▶ SUPPLIED MATERIAL
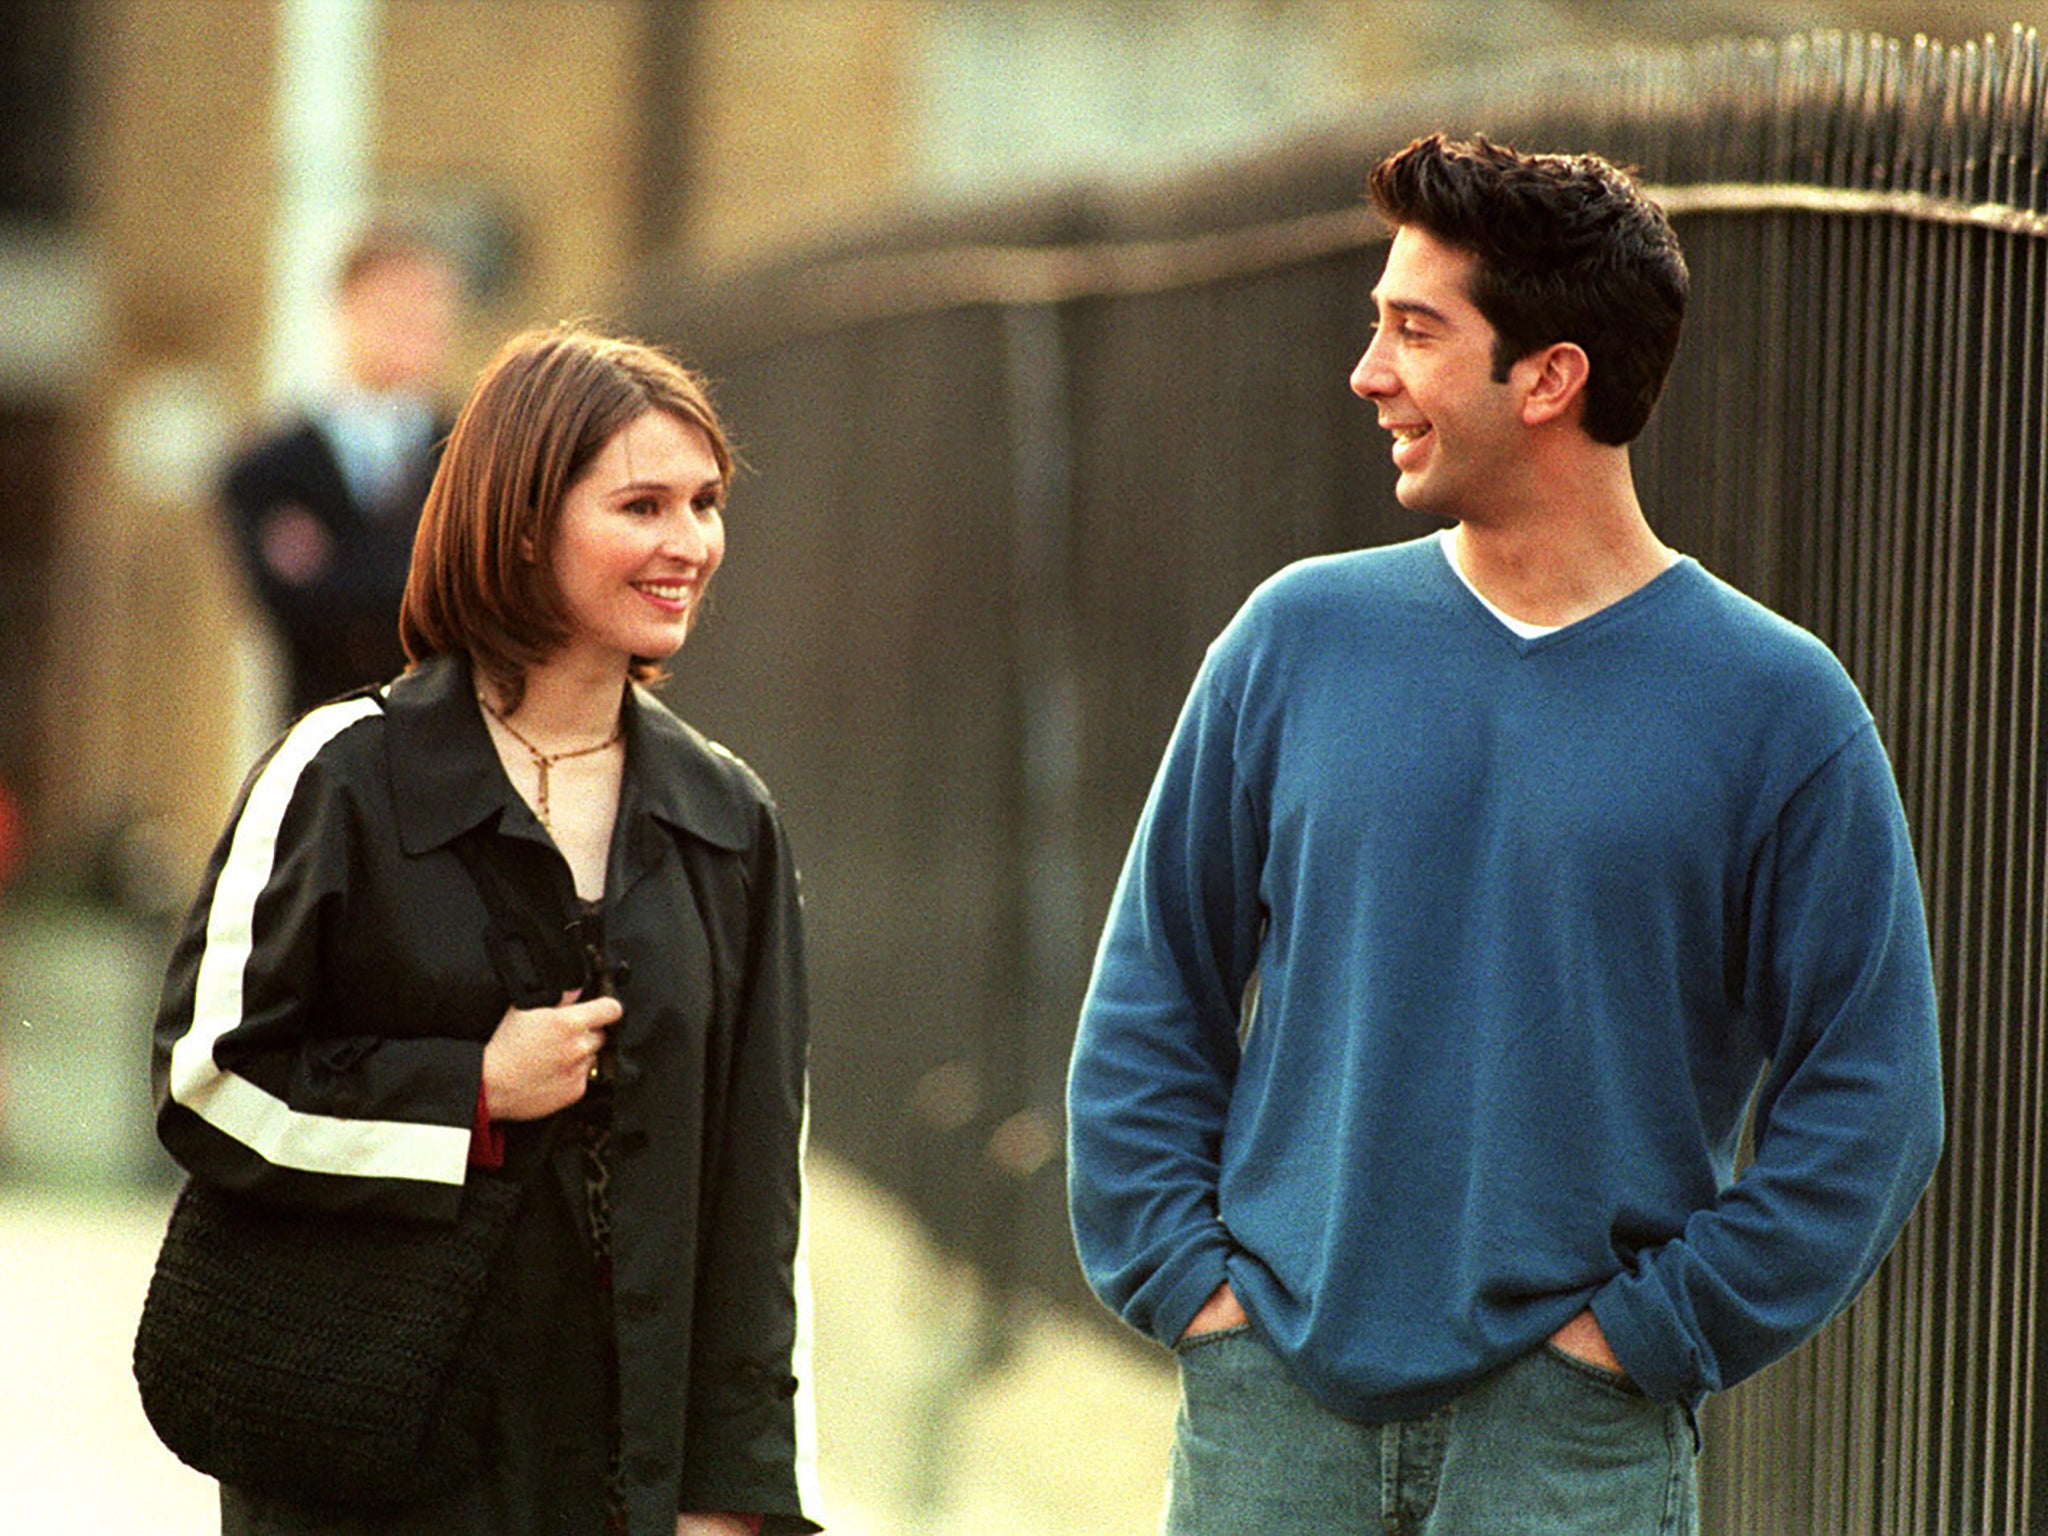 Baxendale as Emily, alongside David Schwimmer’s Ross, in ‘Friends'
==
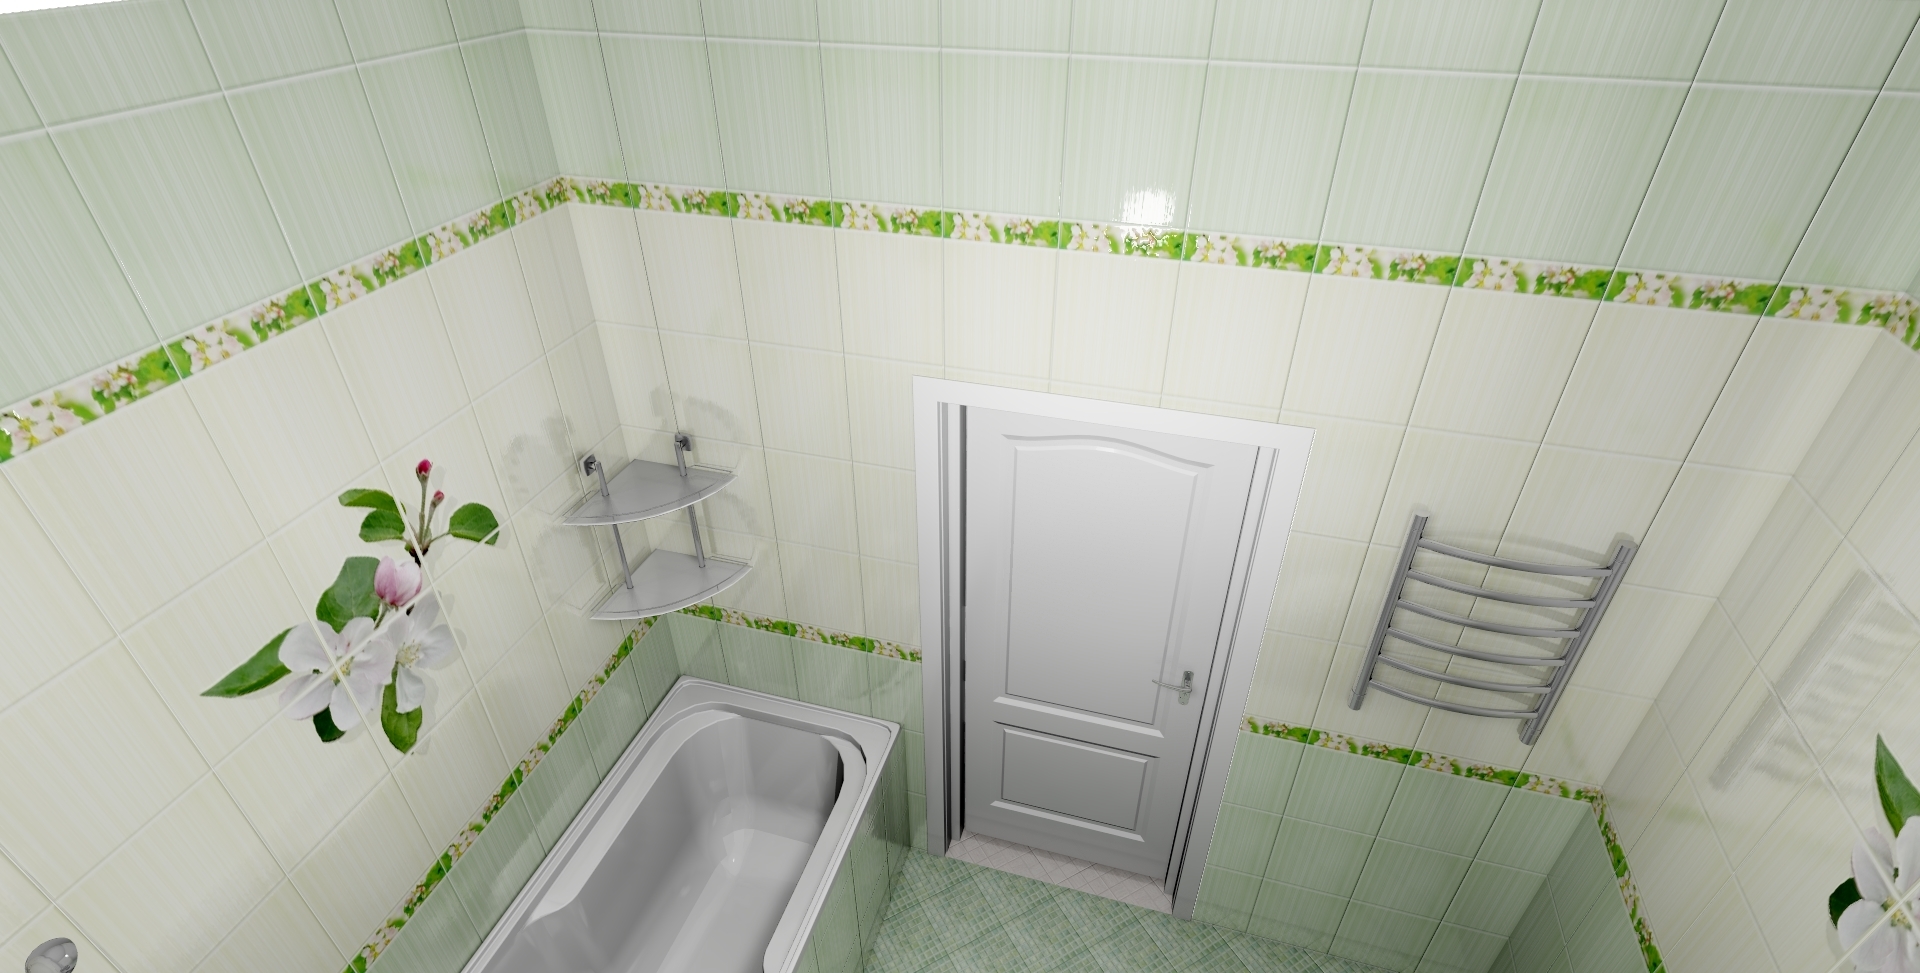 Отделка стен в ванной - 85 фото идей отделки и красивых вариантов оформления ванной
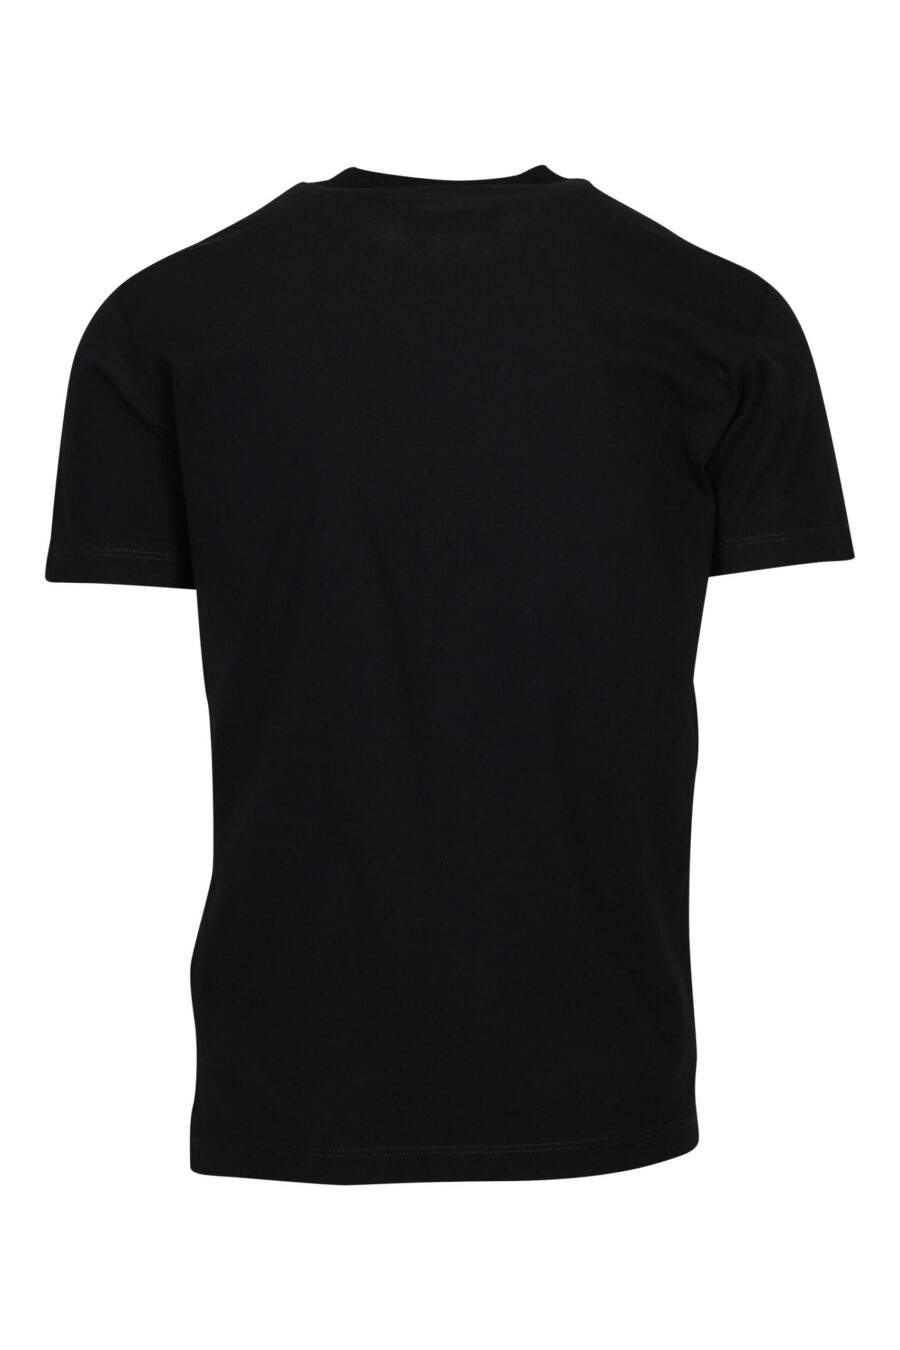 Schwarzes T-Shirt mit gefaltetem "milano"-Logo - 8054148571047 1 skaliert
...
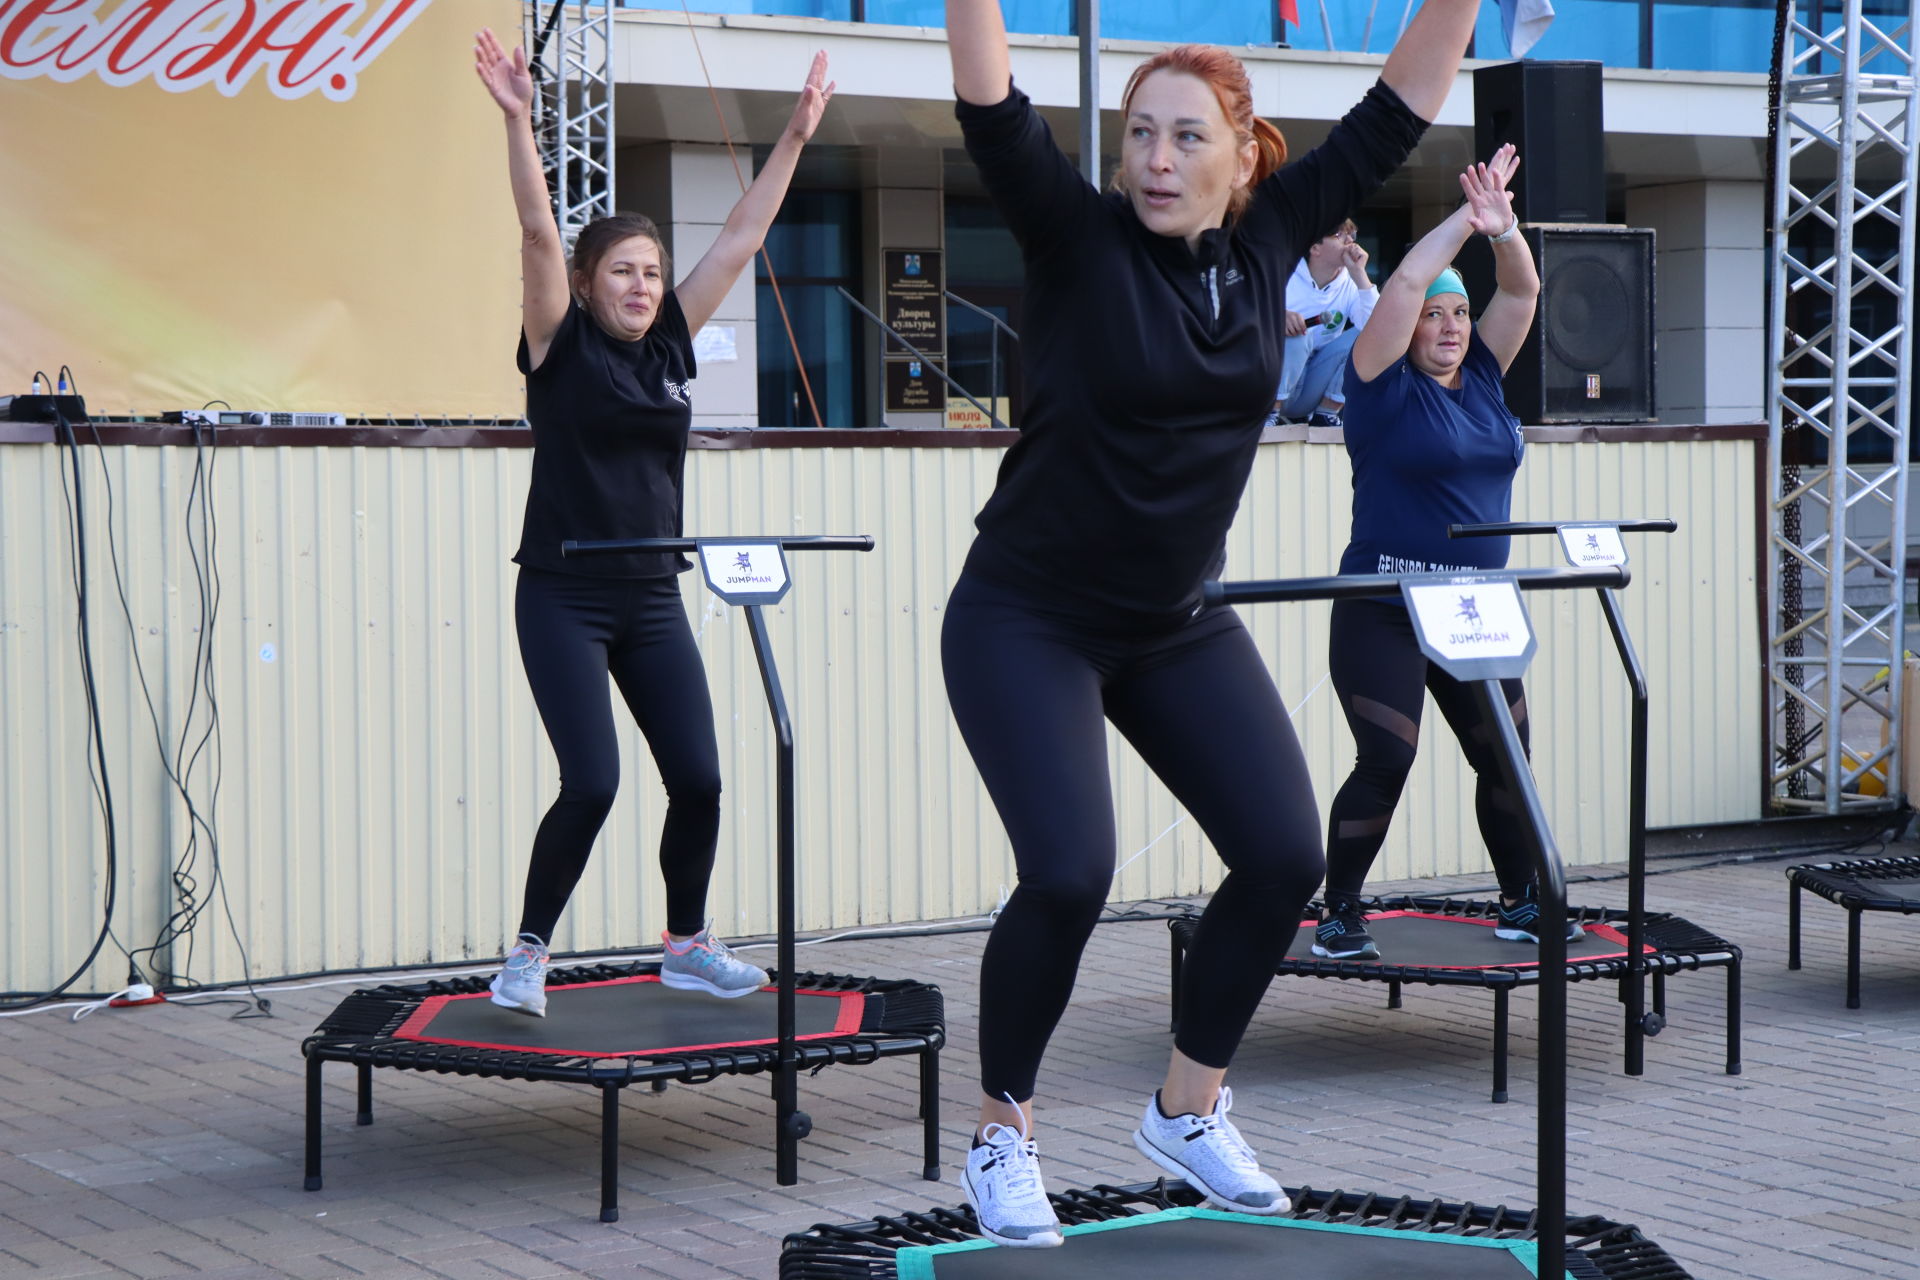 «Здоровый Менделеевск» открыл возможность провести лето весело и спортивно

▶ WORK INSTRUCTIONS
Above are the records; restate exactly the lines from the one containing "Отделка стен в" through the one containing "Schwarzes T-Shirt mit", keeping pictures out.

▶ TASK RESPONSE
 Отделка стен в ванной - 85 фото идей отделки и красивых вариантов оформления ванной
 Schwarzes T-Shirt mit gefaltetem "milano"-Logo - 8054148571047 1 skaliert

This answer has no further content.